Warning: This library includes all items relevant to health product marketing that we are aware of regardless of quality. Often we do not agree with all or part of the contents.

 

Publication type: Magazine

Carter W
Christmas drug rep rush
New Zealand GP 1998 Dec 16


Full text:

In one corner of our surgery waiting room we have a small desk where patients can fill in insurance or other forms in relative comfort, but in the first week of December each year, this desk is turned over for the use of pharmaceutical representatives.

Throughout the year, every morning from 10:30 to 11am, we do not make any patient bookings, and the five doctors in the practice, along with the practice manager and any other assorted staff members who can be spared, gather in the staffroom for morning tea.

Almost invariably we are joined by a pharmaceutical company representative, who is encouraged to bring along some suitable edibles.

The ideal situation does not always eventuate, because usually one or more doctors are running late, or some inconsiderate patient wanders in with a mangled appendage or chest pain, but even so, it makes a good break after three hours’ work, and engenders social interaction and the exchange of ideas amongst the staff. Sometimes we actually learn something about a new pharmaceutical product from the rep.

We have been told by the reps that they actually look forward to visiting our surgery, because we treat them like human beings and they enjoy our banter and normally relaxed break. As the years roll by, we get to know some of the reps who return month after month as friends.

But in the first week of December, all that changes. The AMPA (Australian Manufacturers Association) has established a system whereby no appointments to see general practitioners for the following year can be made before December 1.

Special calendars are circulated to all surgeries to be filled in for appointments, and (in theory at least) reps should not be seen unless they have an appointment on this calender.

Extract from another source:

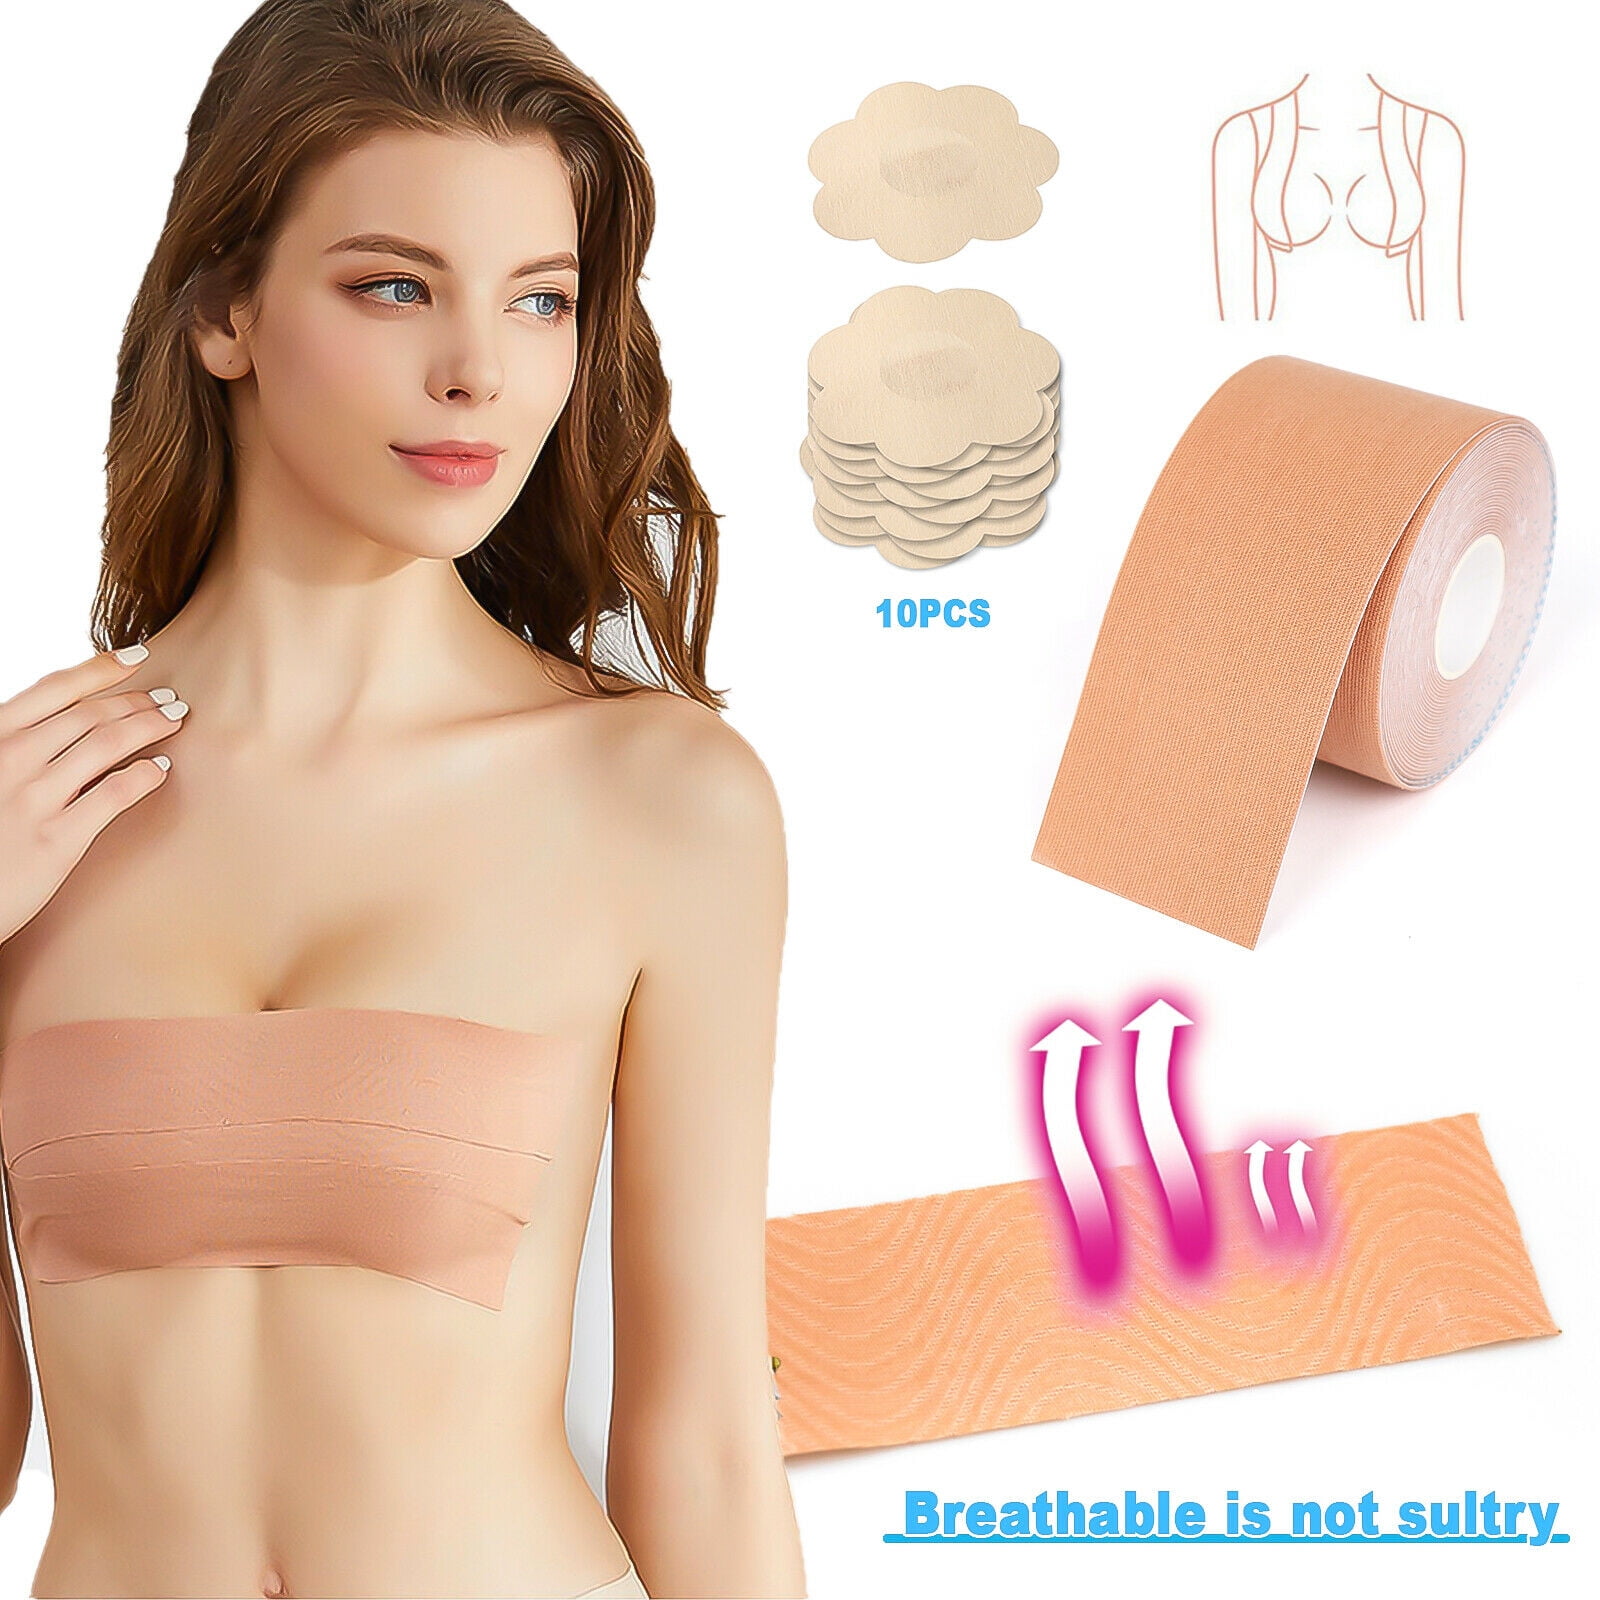 1 pair OUZHOU Women Invisible Silicone Breast Pads Boob Lift Tape Bra Nipple Cover Sticker Pad Bra Sticky Bra Nude Breathable chest patch Plum skin color

When the receptionist opens the surgery door at 7:30 am on the set day, the first rep is waiting to pounce, and because ours is a relatively popular surgery, others pour in over the next few hours to make their appointments. Sometimes there is a queue of two or three reps waiting to get at the desk where we keep that vital calendar.

Some surgeries allow the reps to book up all their appointments for a year in advance, but we insist that they attend for one visit before making the next. Nevertheless, by the end of the week, at least one-third of all the appointments for the next year have been taken.

Companies now have product reps who promote just one product of that company, rather than their full range, so there are over 80 different reps’ names in the book by the end of the week.

Some try to be sneaky and, by arrangement with each other and the judicious use of mobile phones, the rep for one product in a company will try to make the appointments for two or three other reps in the same company but with different products. The competition for good sessions is ferocious, as some days there are fewer doctors working in the morning than others, and other days (eg, Monday) are known to be more chaotic and thus less likely to have a full complement of doctors able to make it for morning tea in the staff room.

Meanwhile, we languish over packet biscuits at morning tea, as all the reps are too busy making appointments to actually visit any doctors. The usual fruit and cheese platters, rich chocolate cakes or savoury selections that usually tempt us to leave our patients as quickly as possible at 10:30 are missing.

Our moods are down as much as the quality of food because a new fresh face normally adds life to the discussion. We have all become too familiar with each other to entertain ourselves, and miss the enjoyment of torturing a rep with all the nasty side-effects we can recall about his or her product, or detailing in gory detail the way in which we dealt with a particularly juicy abscess earlier that morning.

Next week should be back to normal, with Christmas cheer in the air, and the occasional bottle of wine or Scotch, as well as the better-than-average inscribed pens or diaries being presented along with morning tea by those reps who soldier on into the holiday period.

To all, enjoy your Christmas and good health into the New Year.